|
豊富なグラフ機能や、約100種類の関数を収録。計算結果や途中式、グラフなどはMS Wordに貼り付けることができるため、レポート作成やテスト問題作成にも利用できる
|
マイクロソフトは19日、数学学習を支援するソフト「Microsoft Math 3.0日本語版」を発表。19日から4700円でダウンロード販売を開始した。また、マイクロソフトダウンロードセンターで30日間試用版と、Microsoft Wordとの連携を可能にするアドインも同時公開した。
「Microsoft Math 3.0日本語版」はグラフ機能や関数機能、解法の説明機能などにより、数学学習を支援するソフト。日本では今回初めて販売開始するが、すでに米国をはじめ世界50カ国以上で販売されている。
「Microsoft Math 3.0日本語版」は、入力はキーボード入力のほか、「√」や「∫」などの記号も入力できる電卓パッドを装備、手書きペン入力にも対応する。数式をボタンひとつでグラフ化でき、空間グラフなど豊富なグラフ機能を持つ。また、解法はステップごとにていねいに説明が付いて理解を助ける。約100種類の関数を収録、基礎的な算数から微積分などの高度な数学まで幅広く対応するという。連立方程式では6連まで対応可能だ。
なお、「Microsoft Math 3.0日本語版」はダウンロード販売のみで、パッケージ販売は行わない。

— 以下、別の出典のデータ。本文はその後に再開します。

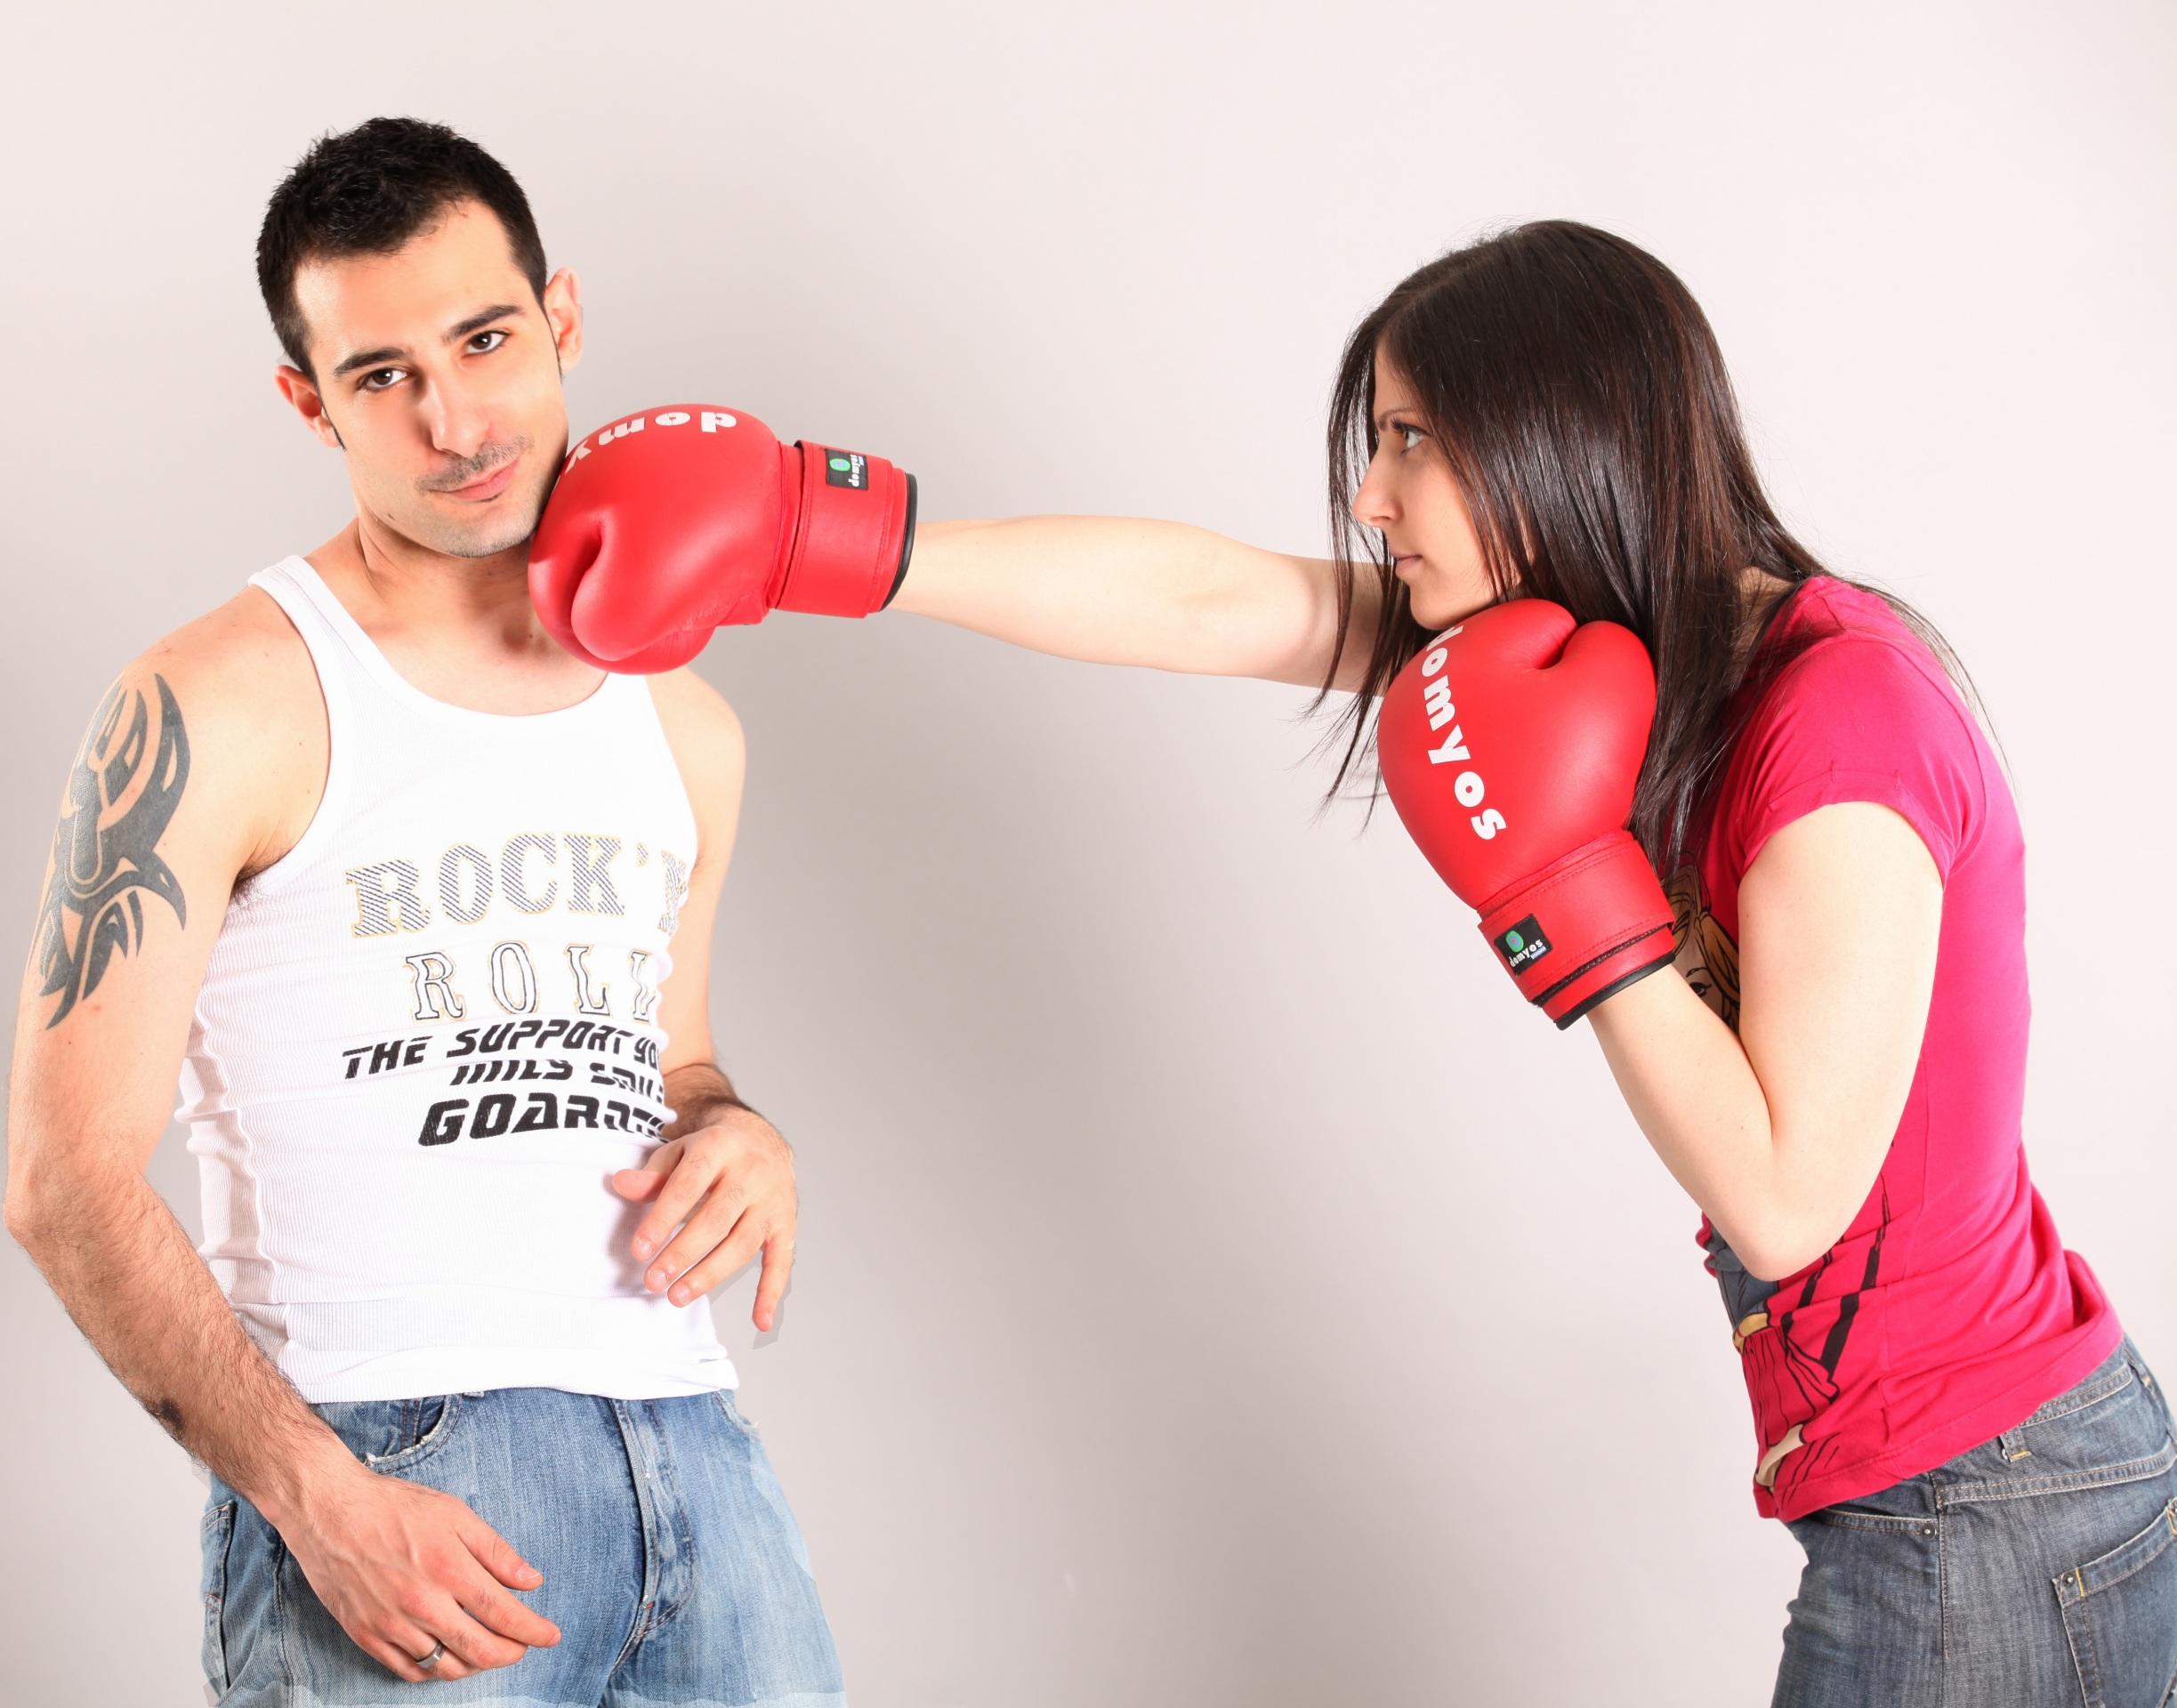 Обои Татуировки Мужчины Перчатки Бьет Двое Девушки Бокс Майка 2447x1920 тату Удар Ударяет 2 вдвоем

ボリュームライセンスとしてアカデミック版もオープン価格で用意、こちらは「ライセンス数にもよるが、(1000円までいかない)100円単位の価格での購入も可能」という。
● 「理数教育をテクノロジーの面から支援したい」MS石坂氏
|
マイクロソフトディベロップメント株式会社 エデュケーション製品グループ シニアマネージャーの石坂芳実氏
|
マイクロソフトディベロップメント株式会社 エデュケーション製品グループ シニアマネージャーの石坂芳実氏は、開発の背景について、「学力低下、理科離れが言われ始めて久しい。これは日本だけの問題ではなくて、ある程度先進国に共通した問題なのだが、「PISA数学リテラシー」という調査では、OECD加盟国の中でも、日本は順位を下げている」と調査データを挙げて日本の理数系離れを説明。

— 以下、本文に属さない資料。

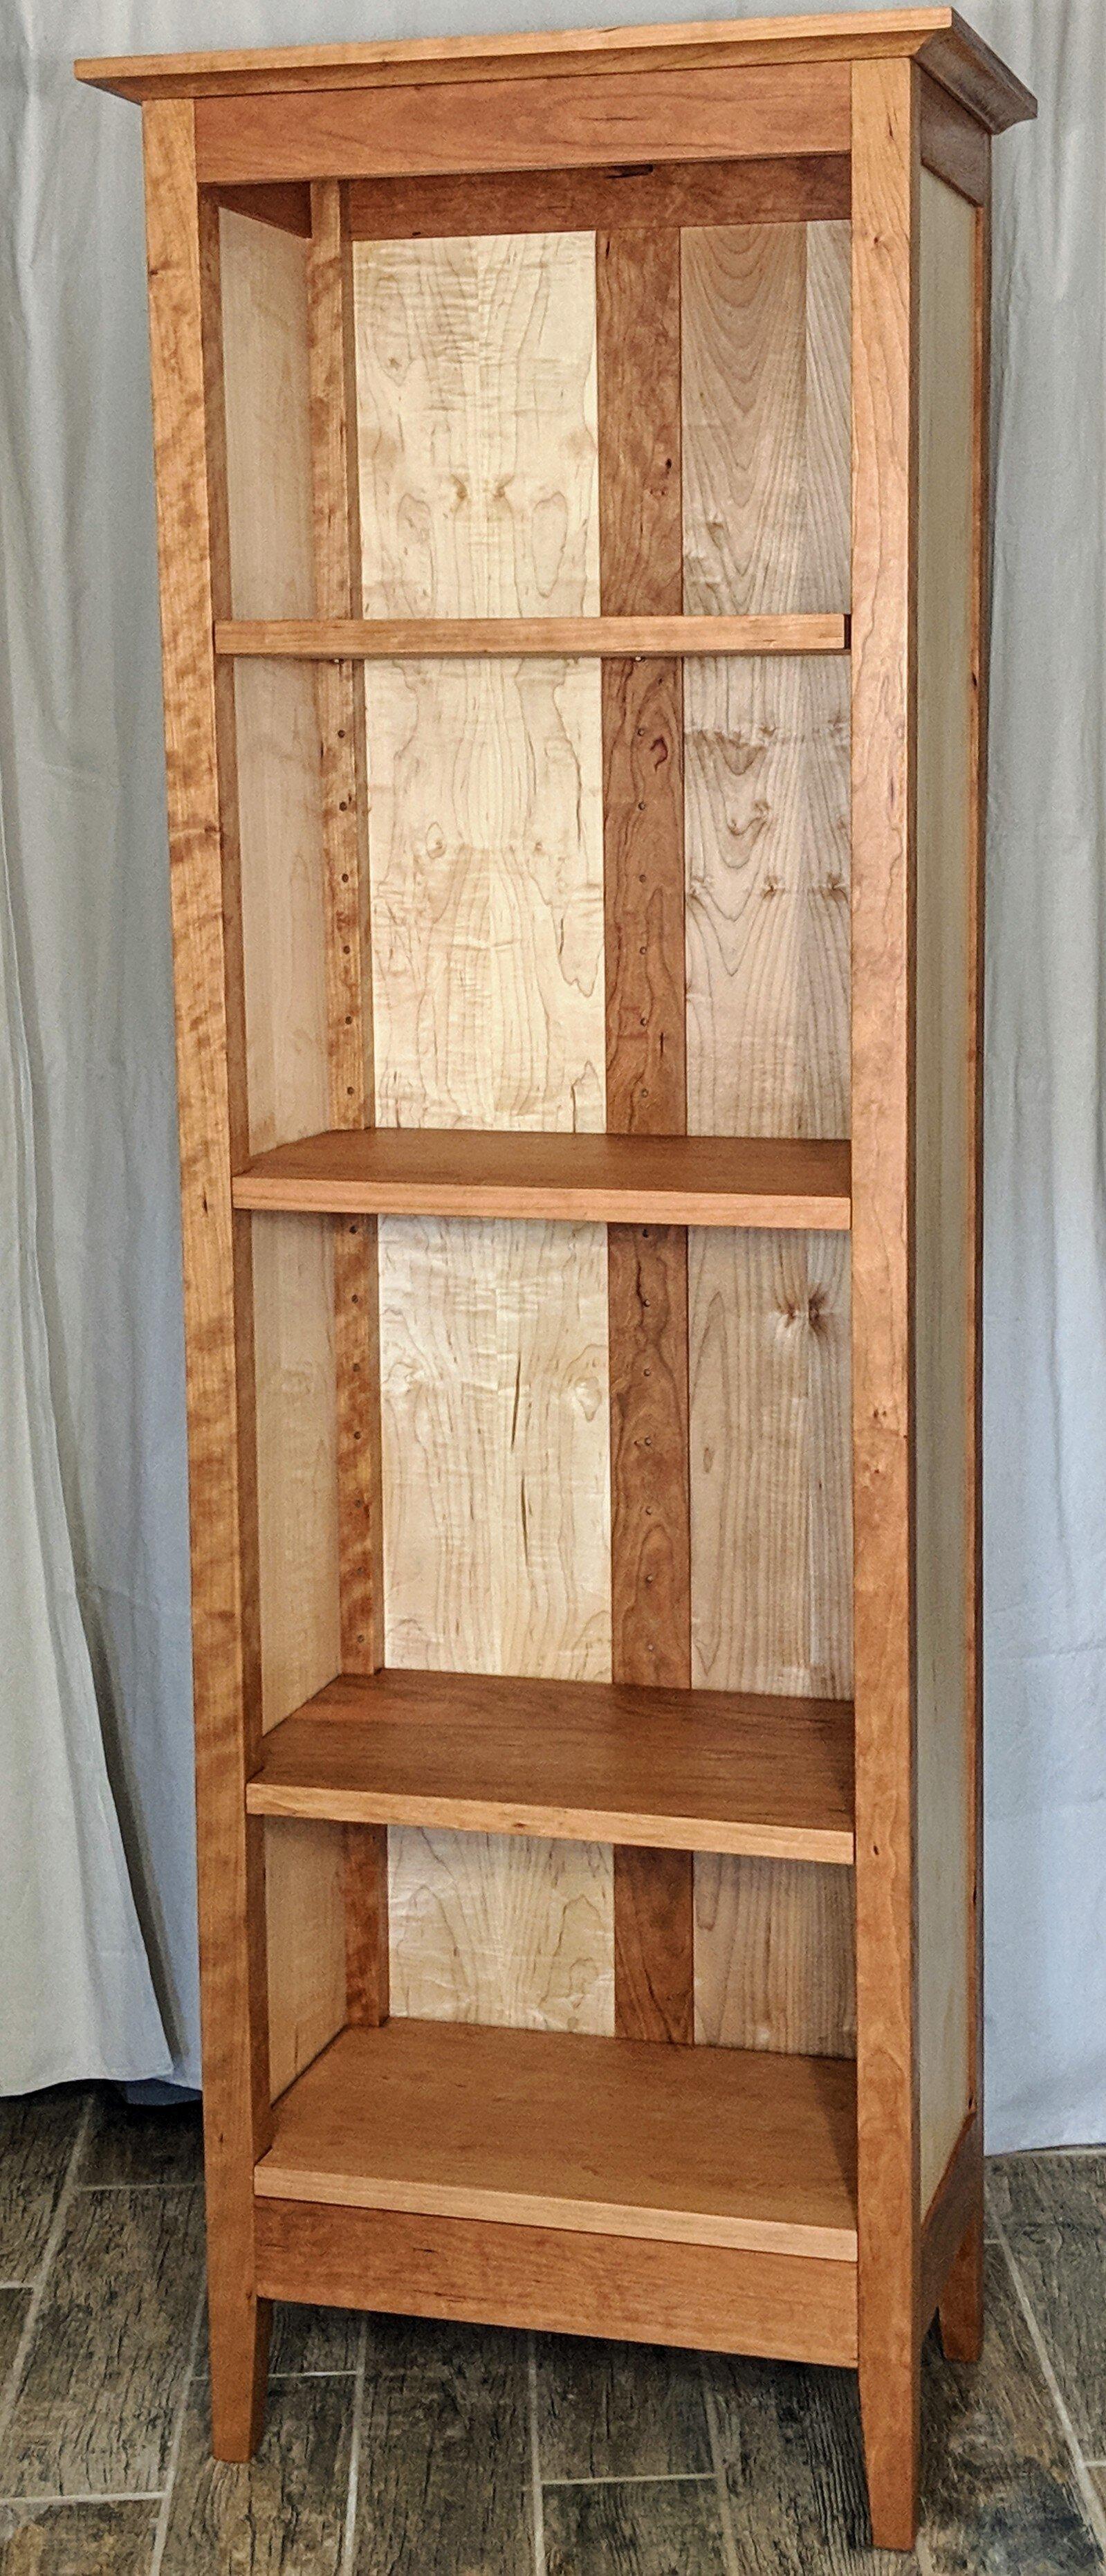 Custom Bookshelf Build Vanvleet Woodworking

「PISA数学リテラシー」の2003年調査では、とくに数学的な部分を重視して実施したが、「数学の授業が楽しみ」「数学で学ぶ内容に興味がある」「数学が得意だ」といった回答が日本はOECD各国に比べて低くなっているという。
石坂氏は、「Microsoft Math 3.0日本語版」の発売について、「式がすぐにグラフになるだけでも、数学との距離が近くなる」として、グラフ機能やステップバイステップで解法を説明する機能を、数学学習に役立てて欲しいと述べた。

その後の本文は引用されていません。